Only the final stretch of the data is wanted: reproduce the line containing "Obey Uptown Biker Shorts" and each line after it, exactly.
───── INFORMATION PROVIDED ─────
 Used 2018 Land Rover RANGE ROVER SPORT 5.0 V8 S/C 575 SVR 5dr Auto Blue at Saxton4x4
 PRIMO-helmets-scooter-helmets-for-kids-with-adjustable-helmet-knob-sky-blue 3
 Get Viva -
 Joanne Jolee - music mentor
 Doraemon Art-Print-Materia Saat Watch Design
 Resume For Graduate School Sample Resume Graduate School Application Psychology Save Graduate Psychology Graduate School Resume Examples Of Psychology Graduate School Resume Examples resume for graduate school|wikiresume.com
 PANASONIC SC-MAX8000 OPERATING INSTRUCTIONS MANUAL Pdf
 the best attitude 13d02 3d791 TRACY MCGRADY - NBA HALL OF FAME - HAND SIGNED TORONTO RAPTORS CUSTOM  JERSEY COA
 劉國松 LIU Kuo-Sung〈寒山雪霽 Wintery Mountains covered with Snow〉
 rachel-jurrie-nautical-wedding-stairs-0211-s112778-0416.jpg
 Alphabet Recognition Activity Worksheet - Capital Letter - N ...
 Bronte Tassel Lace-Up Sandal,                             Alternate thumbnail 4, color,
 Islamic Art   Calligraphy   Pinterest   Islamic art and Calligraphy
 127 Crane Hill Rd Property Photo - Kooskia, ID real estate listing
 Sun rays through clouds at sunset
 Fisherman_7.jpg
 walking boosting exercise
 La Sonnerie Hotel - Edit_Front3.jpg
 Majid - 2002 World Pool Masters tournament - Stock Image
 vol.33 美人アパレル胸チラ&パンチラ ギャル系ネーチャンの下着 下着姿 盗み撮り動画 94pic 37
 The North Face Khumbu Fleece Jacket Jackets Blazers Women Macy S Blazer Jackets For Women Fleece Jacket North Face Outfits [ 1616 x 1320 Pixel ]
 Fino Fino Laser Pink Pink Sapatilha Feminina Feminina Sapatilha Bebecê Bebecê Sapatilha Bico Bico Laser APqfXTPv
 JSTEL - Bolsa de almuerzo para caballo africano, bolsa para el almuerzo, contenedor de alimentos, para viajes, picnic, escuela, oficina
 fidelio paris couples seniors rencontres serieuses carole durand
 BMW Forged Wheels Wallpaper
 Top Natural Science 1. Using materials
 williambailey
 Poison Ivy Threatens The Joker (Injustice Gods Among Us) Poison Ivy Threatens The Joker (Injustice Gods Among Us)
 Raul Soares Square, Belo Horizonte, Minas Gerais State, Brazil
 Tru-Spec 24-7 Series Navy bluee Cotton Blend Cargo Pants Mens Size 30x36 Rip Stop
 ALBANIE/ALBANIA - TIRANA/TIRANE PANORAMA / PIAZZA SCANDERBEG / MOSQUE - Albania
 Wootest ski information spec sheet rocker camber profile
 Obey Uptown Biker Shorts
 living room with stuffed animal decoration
─────
REPLY:
 Obey Uptown Biker Shorts
 living room with stuffed animal decoration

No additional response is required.